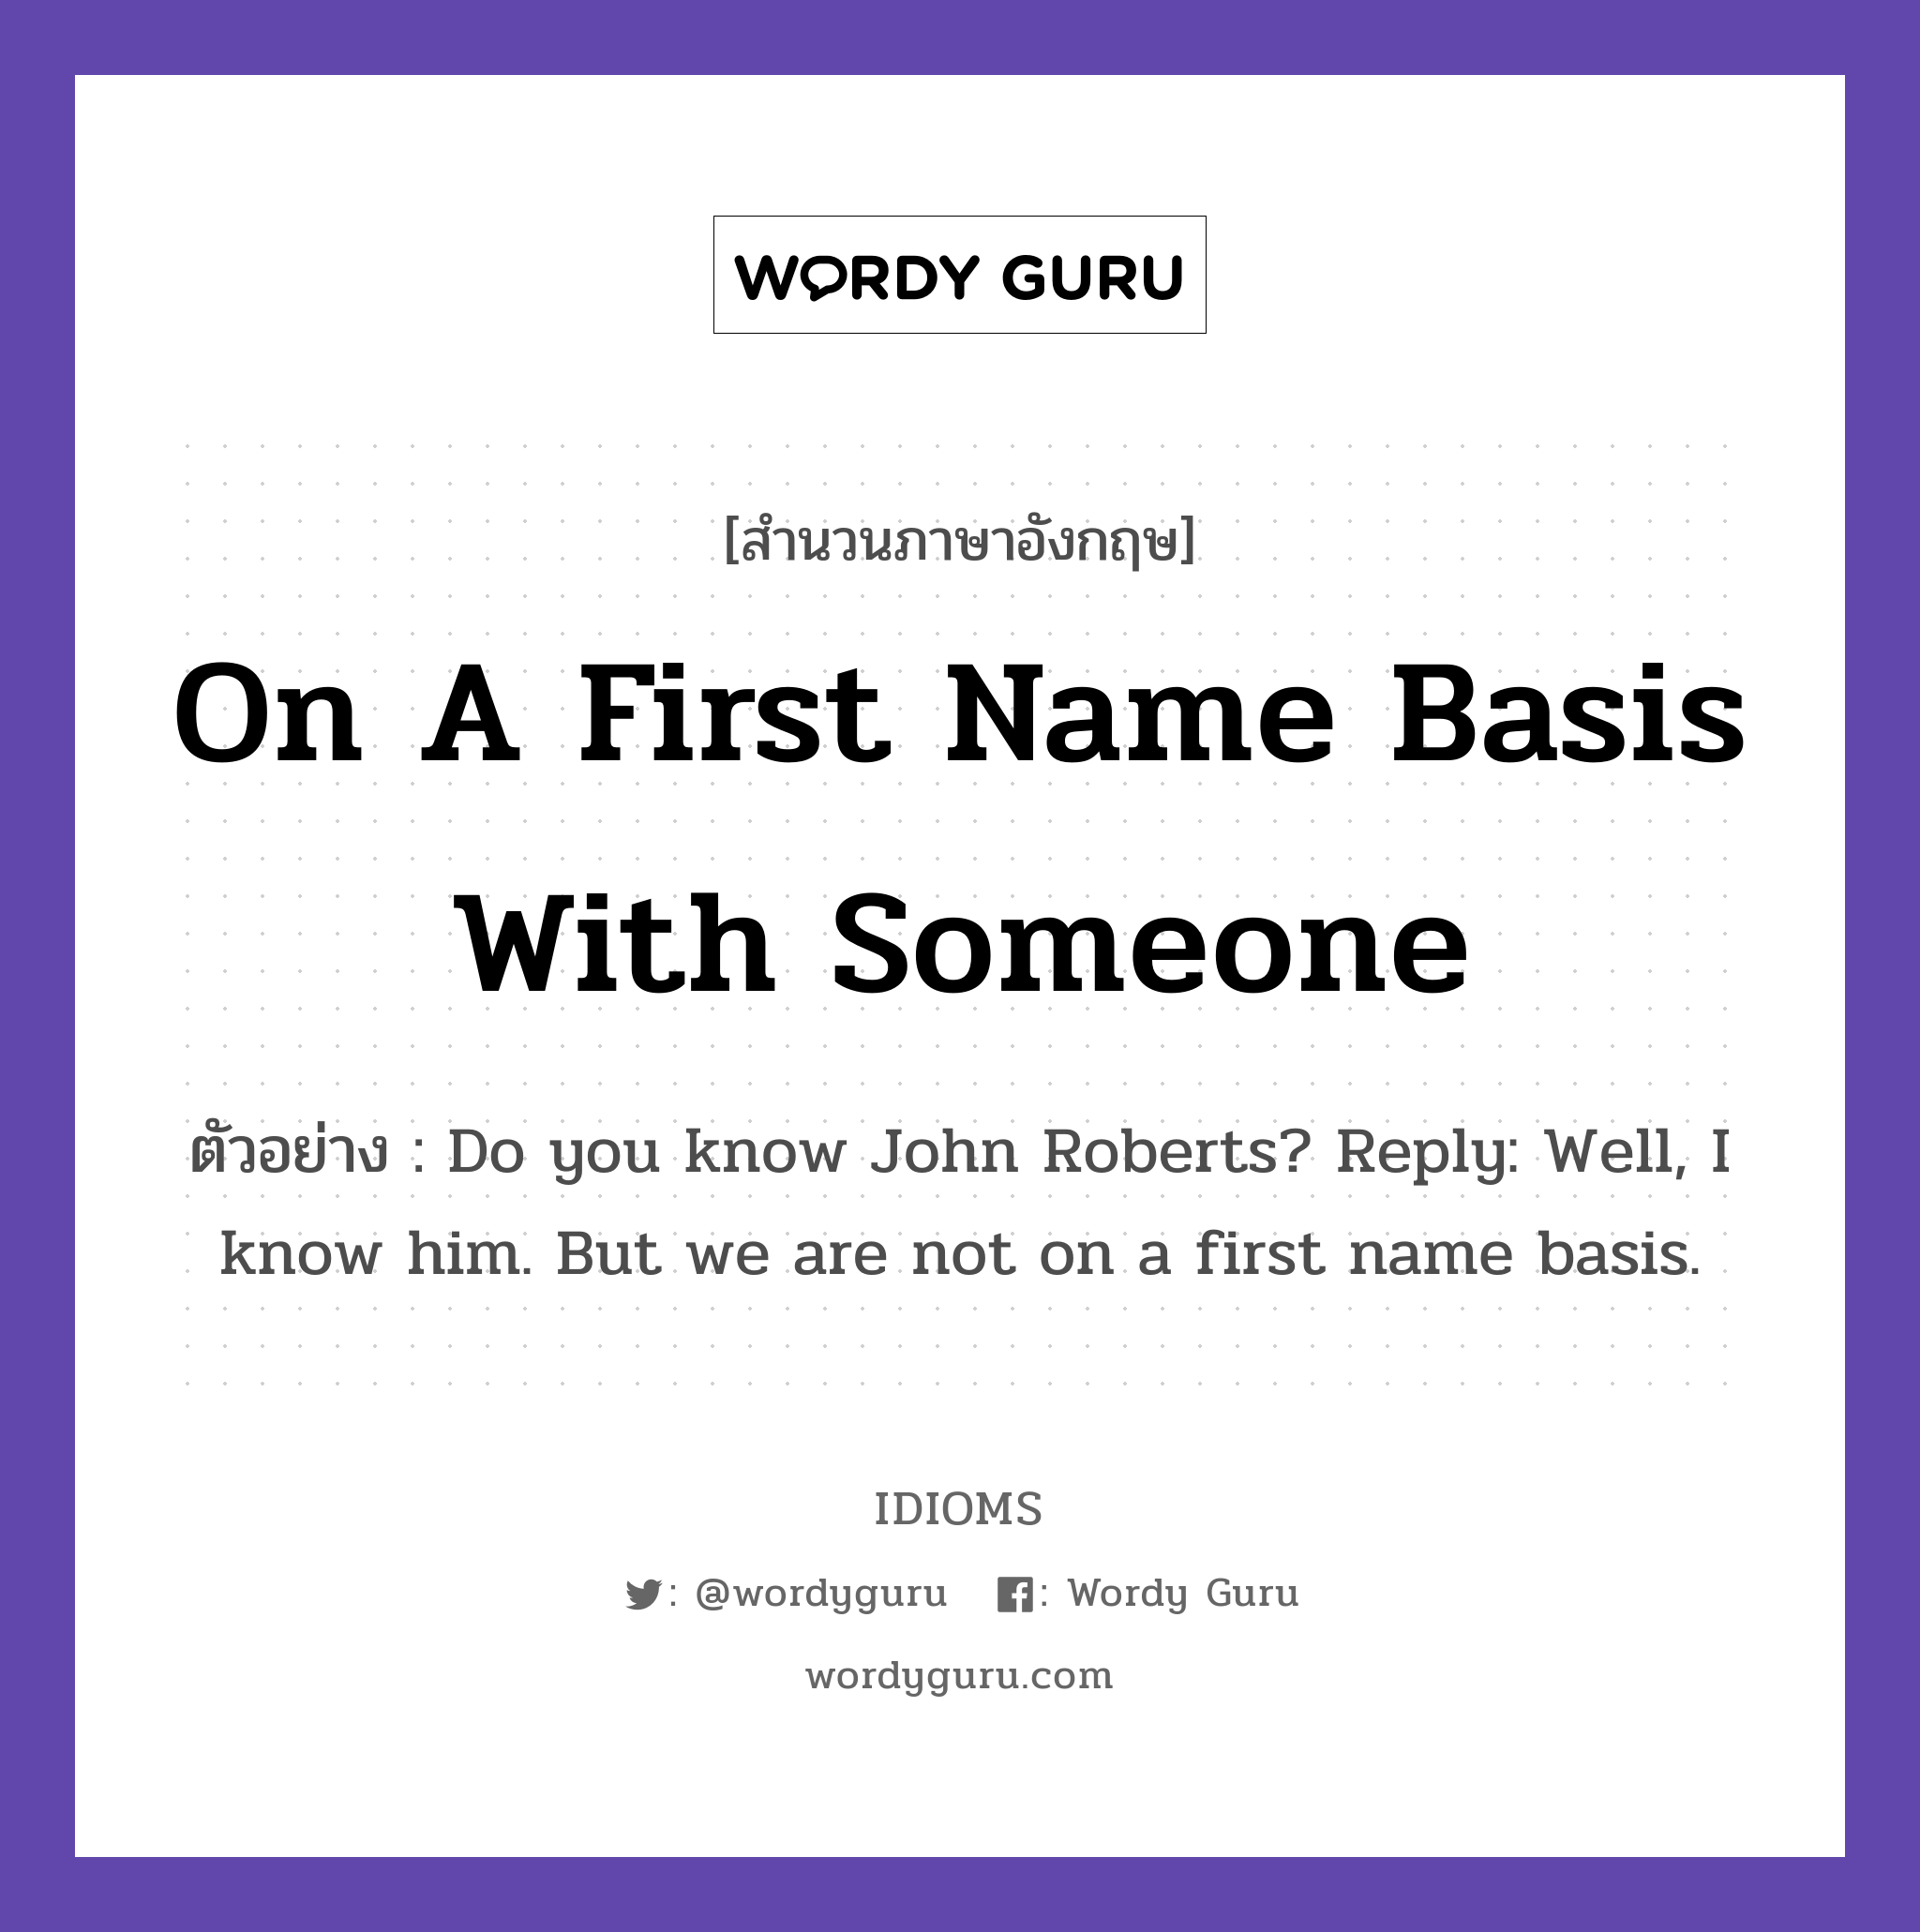 On A First Name Basis With Someone แปลว่า?, สำนวนภาษาอังกฤษ On A First Name Basis With Someone ตัวอย่าง Do you know John Roberts? Reply: Well, I know him. But we are not on a first name basis.
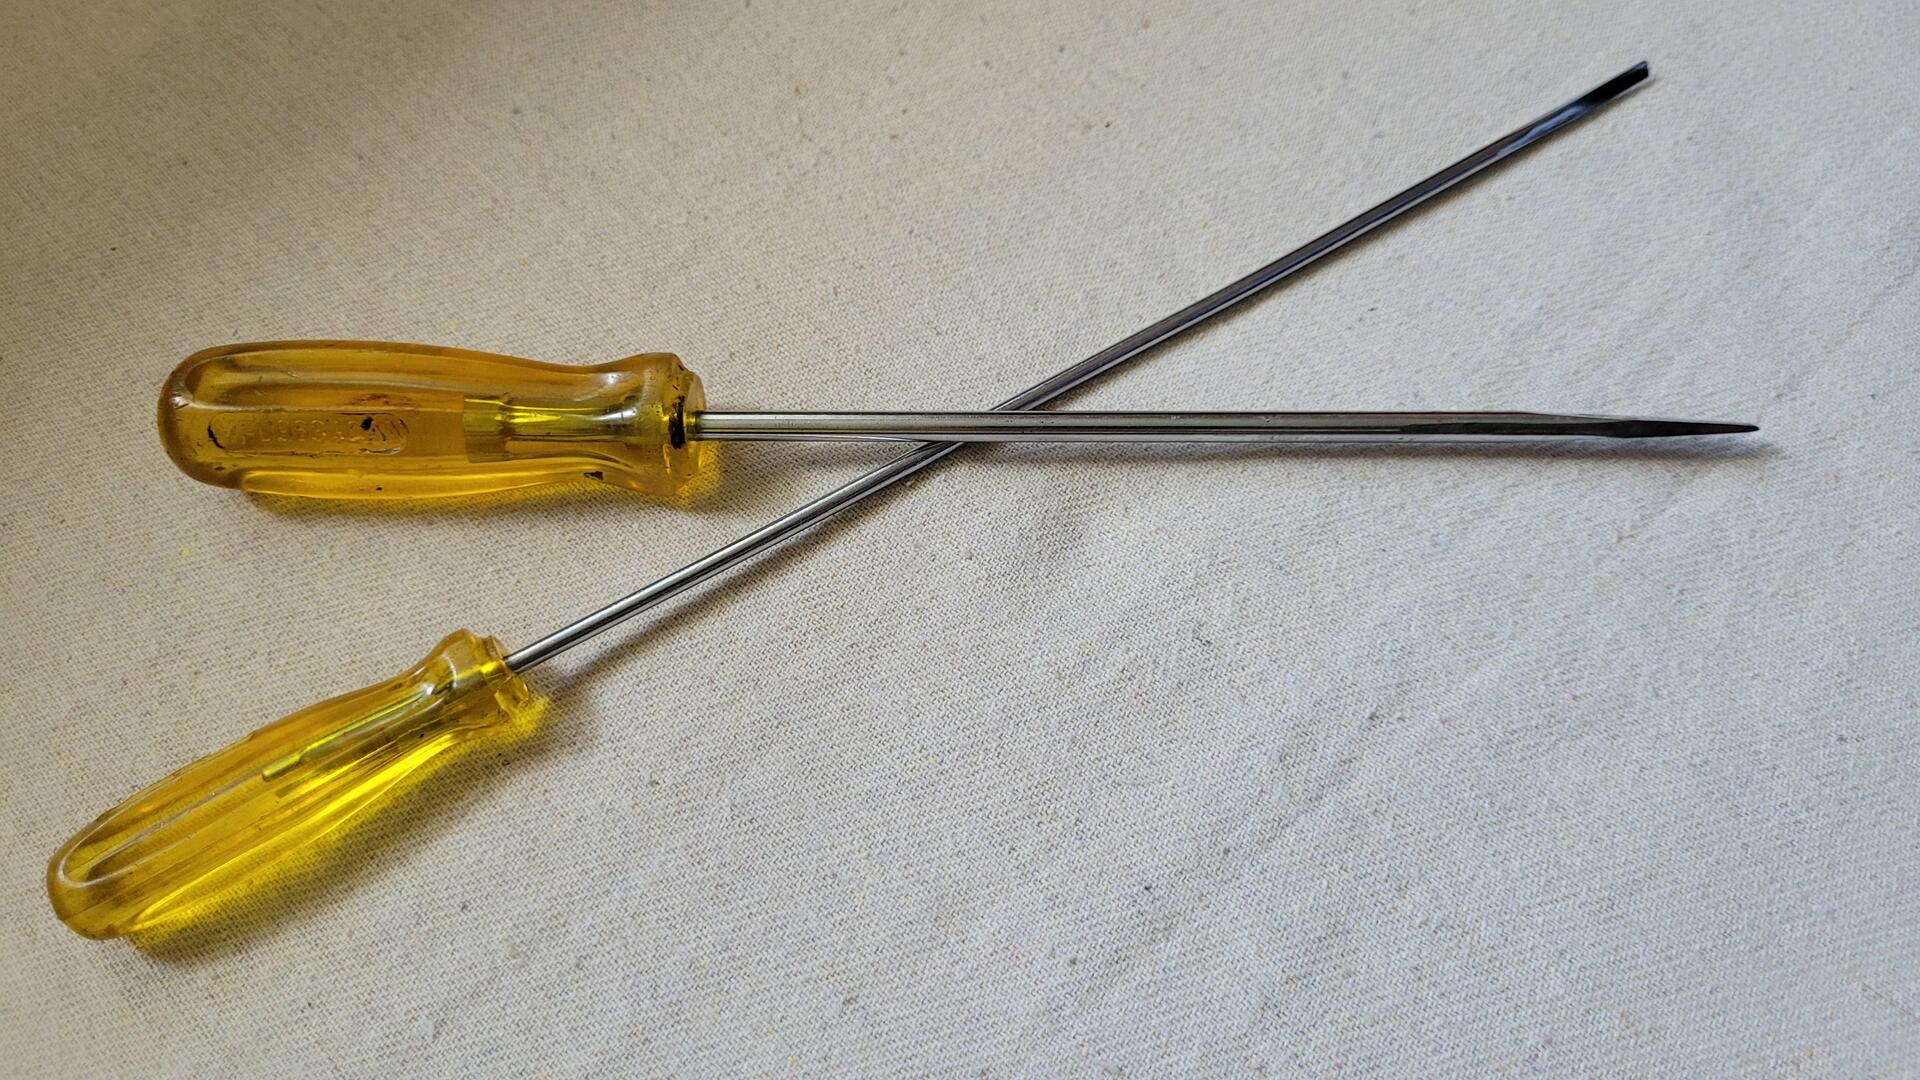 Rare MFD9634CAN and MFD9627CAN pair of vintage long classic Proto flat head screwdrivers with yellow unbreakable handles. Antique mid century made in Canada collectible hand tools
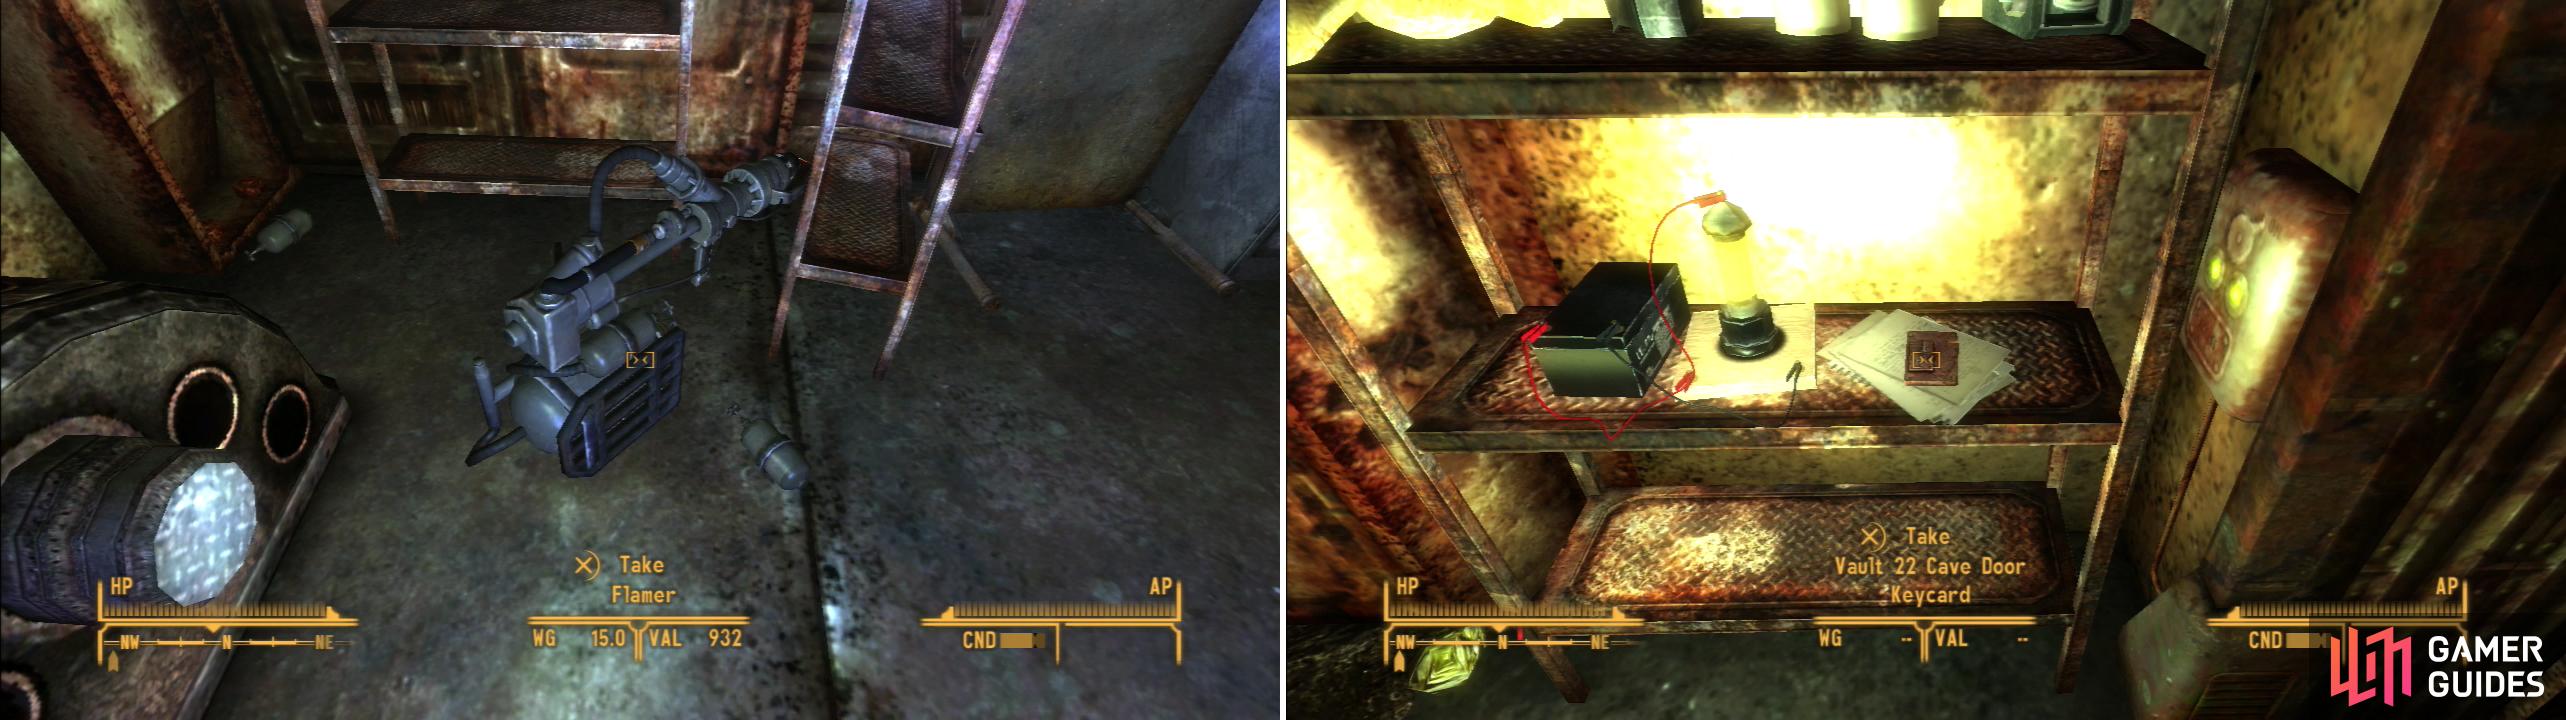 The Flamer you can find may come in handy later… (left). The Vault 22 Cave Door Keycard will open to the door to the caves (right).
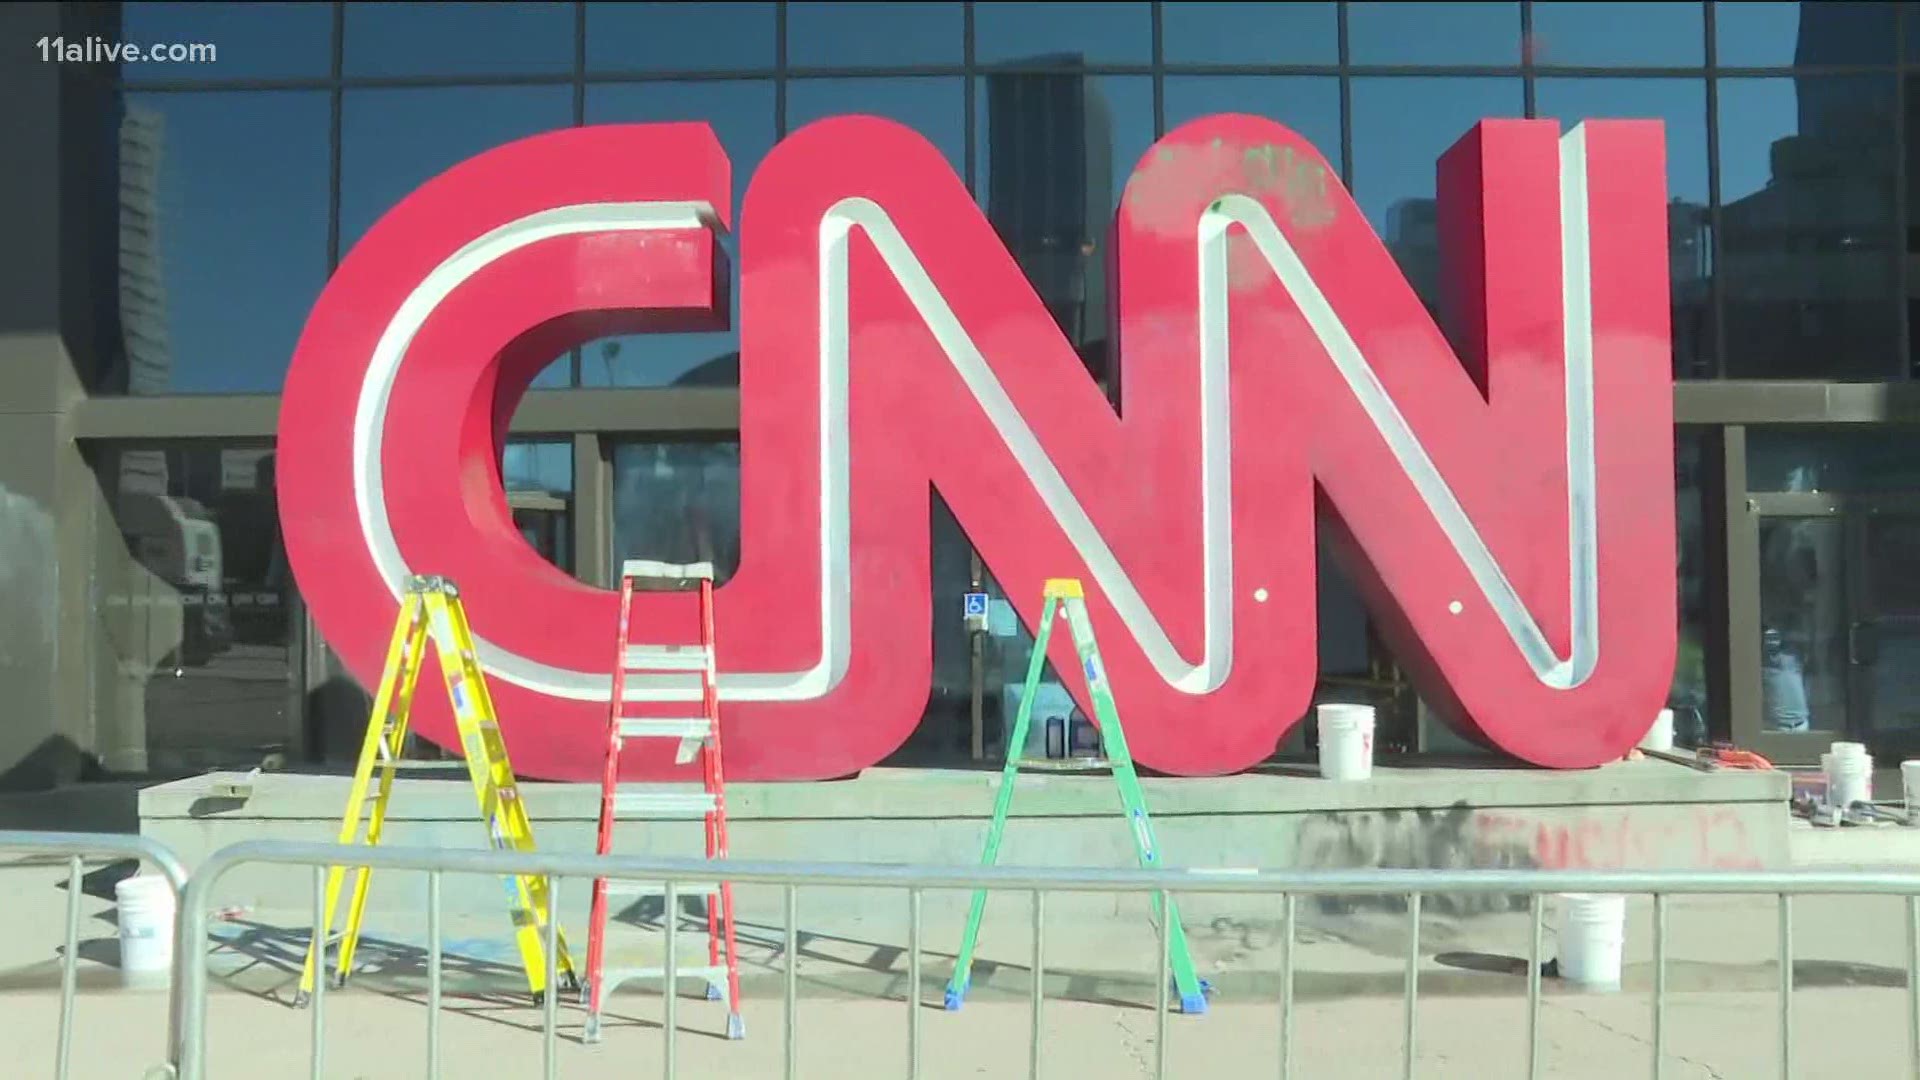 Only hours after Friday night's vandalism and damage, crews were hard at work, repairing the entrance and iconic sign outside the entrance to CNN Center in Atlanta.

* **Problem statement**
Write out, word for word, only the lines from the one containing "The Flamer you" to the end of the data above; the pictures stay out.

* **Exercise solution**
 The Flamer you can find may come in handy later… (left). The Vault 22 Cave Door Keycard will open to the door to the caves (right).
 Only hours after Friday night's vandalism and damage, crews were hard at work, repairing the entrance and iconic sign outside the entrance to CNN Center in Atlanta.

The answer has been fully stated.